Давая мне место, по окончании курса, в селе Е. преосвященный сказал мне: «Я даю тебе место в Е., но я не забуду тебя». Действительно, чрез девять месяцев я был переведён в Мариинскую колонию питомцев Московского Воспитательного дома. Здесь все крестьяне имели казённые дома, имелось своё особое управление, и порядки, во многом, были аракчеевские. Косят, например, крестьяне всякий себе сена, но стога должны ставить в одну линию.

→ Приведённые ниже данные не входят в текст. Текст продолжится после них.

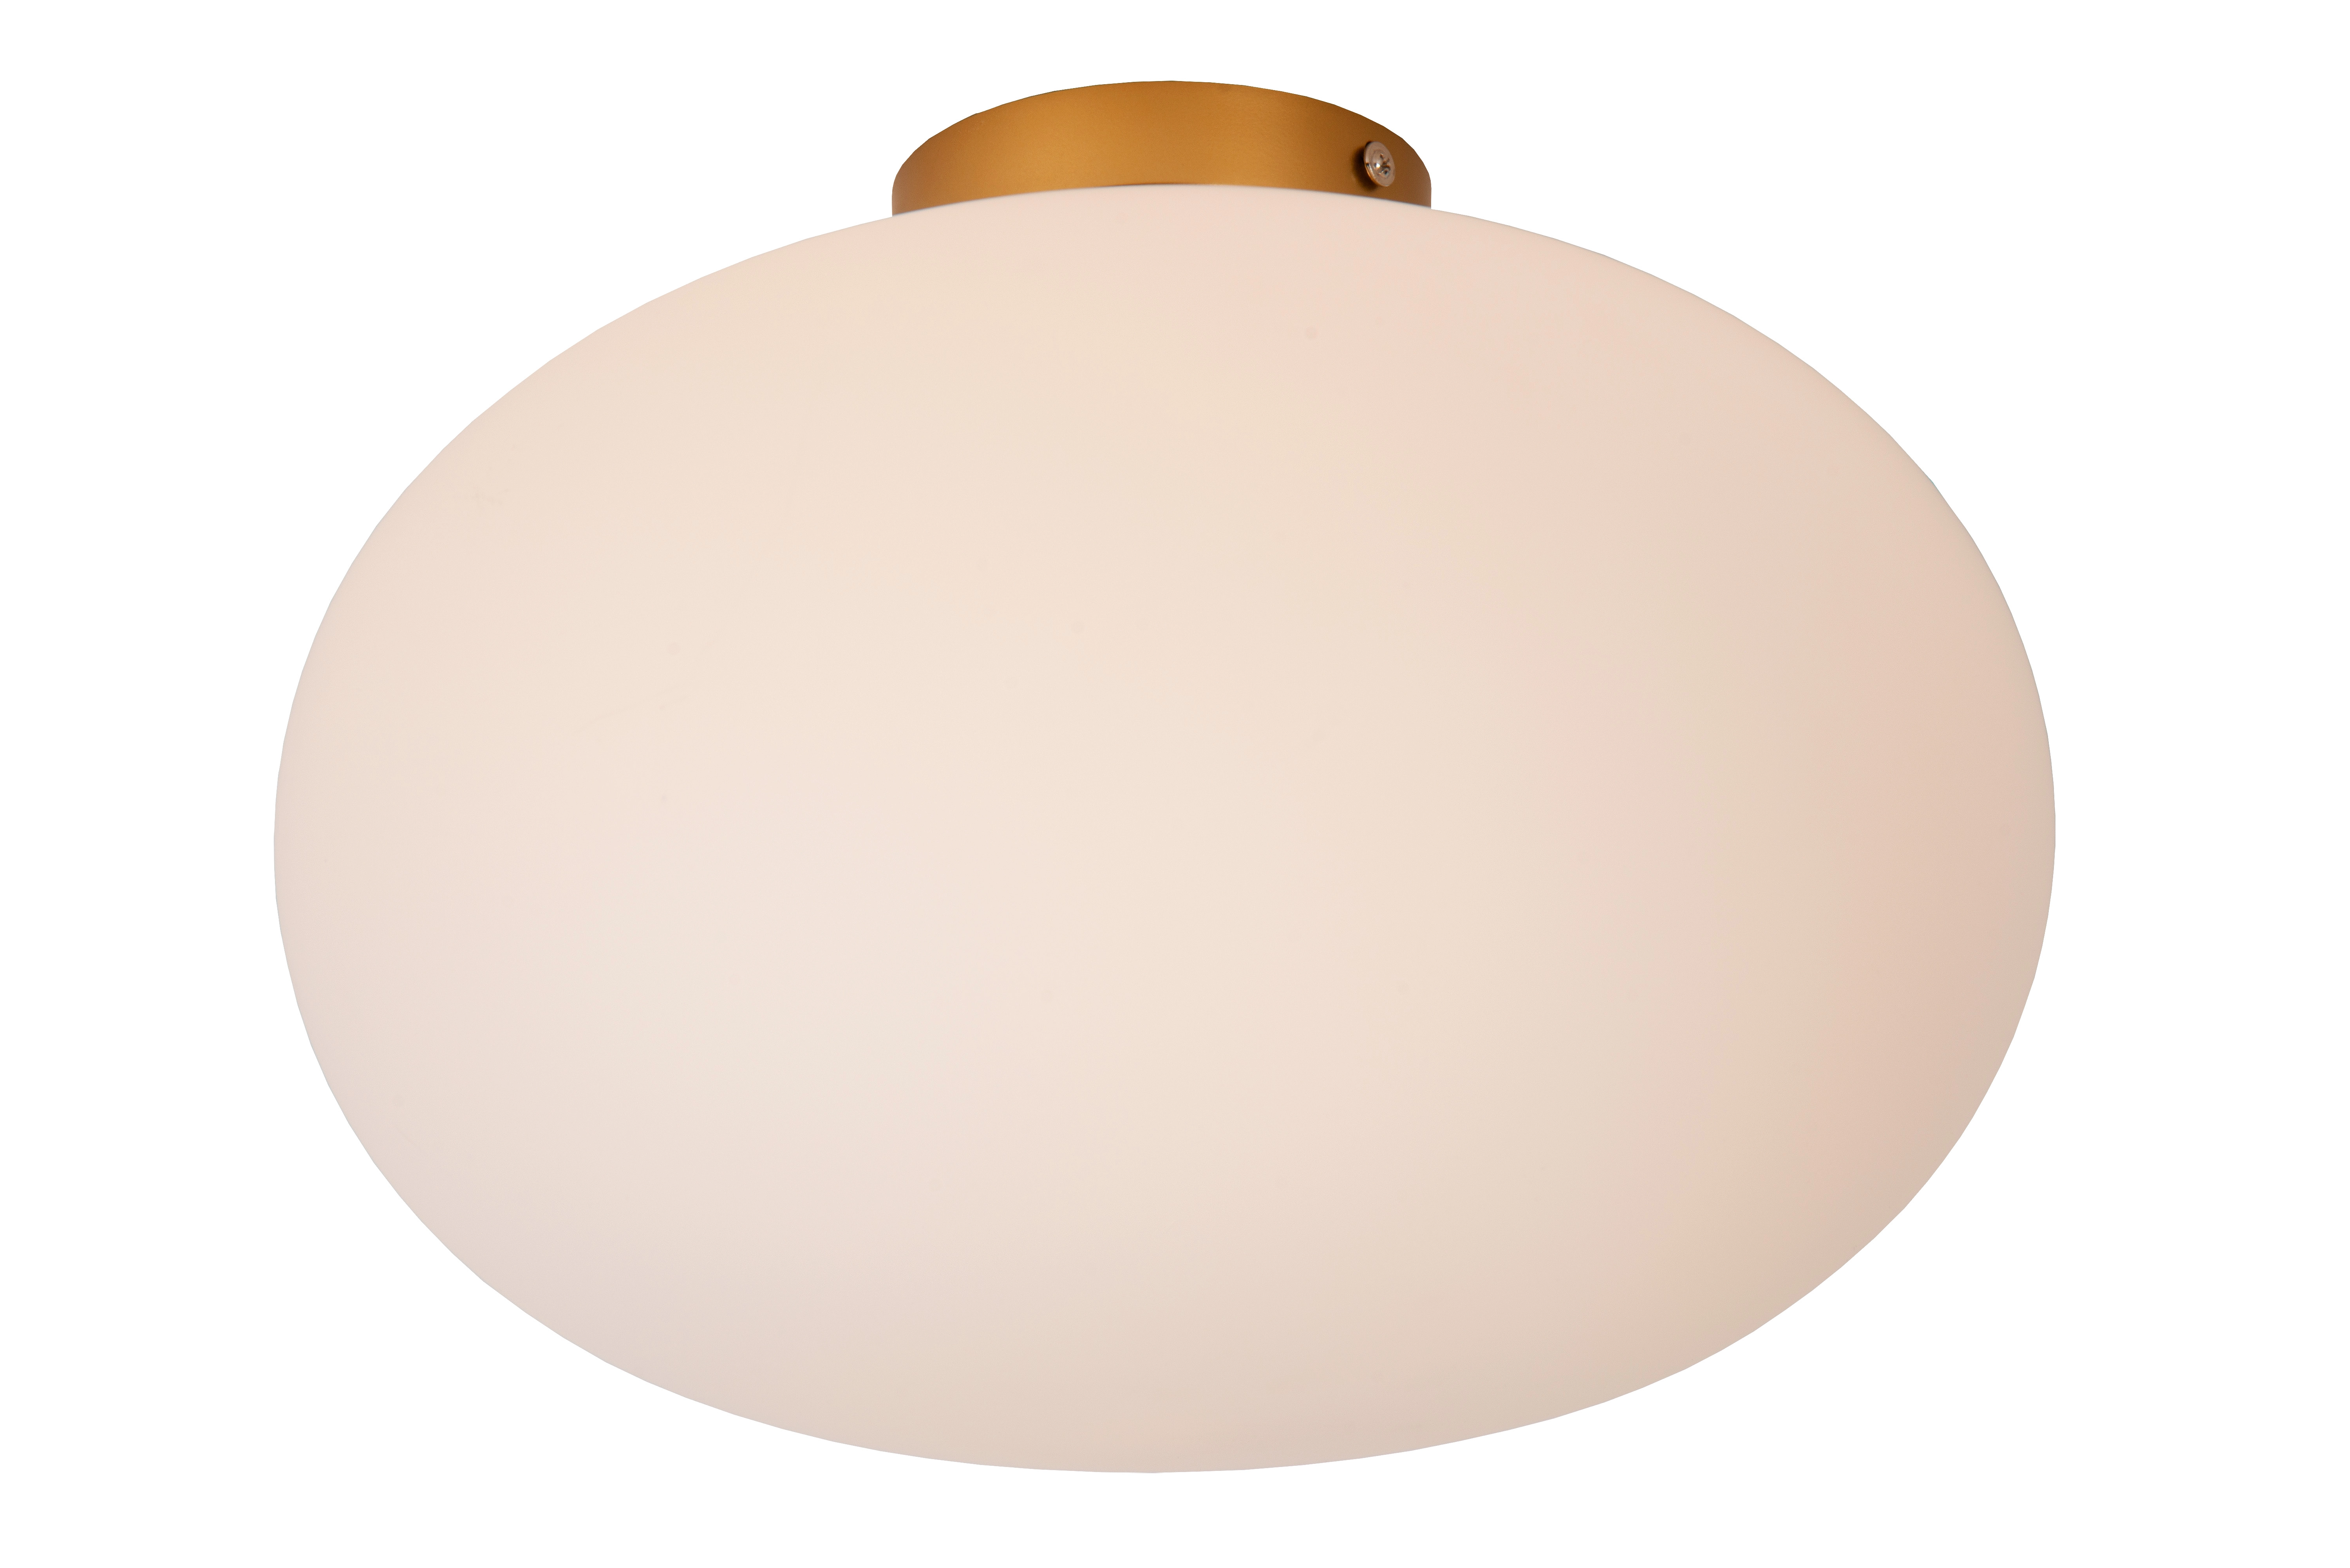 LU 21130/38/61 Lucide ELYSEE - Flush ceiling light - Ø 38 cm - 1xE27 - Opal

По окончании покосов, дают знать управляющему, тот приезжает и видит, что несколько стогов выдались на аршин, или около этого, из линии. Сейчас хозяину порку, а стога велит переставить на своё место, — в линию. После осмотра и порки, хозяева могли возить сено на свои гумна. Но на гумнах линии соблюдались ещё строже. Точно также, в одну линию, на всех гумнах, должны быть поставлены все копны и клади хлеба. Ток (расчищенное место, где молотят хлеб) должен быть одной меры в одинаковом расстоянии от хлеба и в одной и той же стороне от него. Если, хотя на аршин не так, — лупка. Поэтому вы с конца деревни могли определить сколько имеется у крестьян ржи, сколько пшеницы, проса и пр., потому что каждому сорту хлеба была своя линия и в каждой клади известное число снопов. Непременно раз в неделю приходил к хозяйке дома брант-мейстер-солдат, и палкою шнырял в дымовой трубе. Если, хоть чуточку, сыпалась сажа, то часто эту палку он ломал о хозяйку дома.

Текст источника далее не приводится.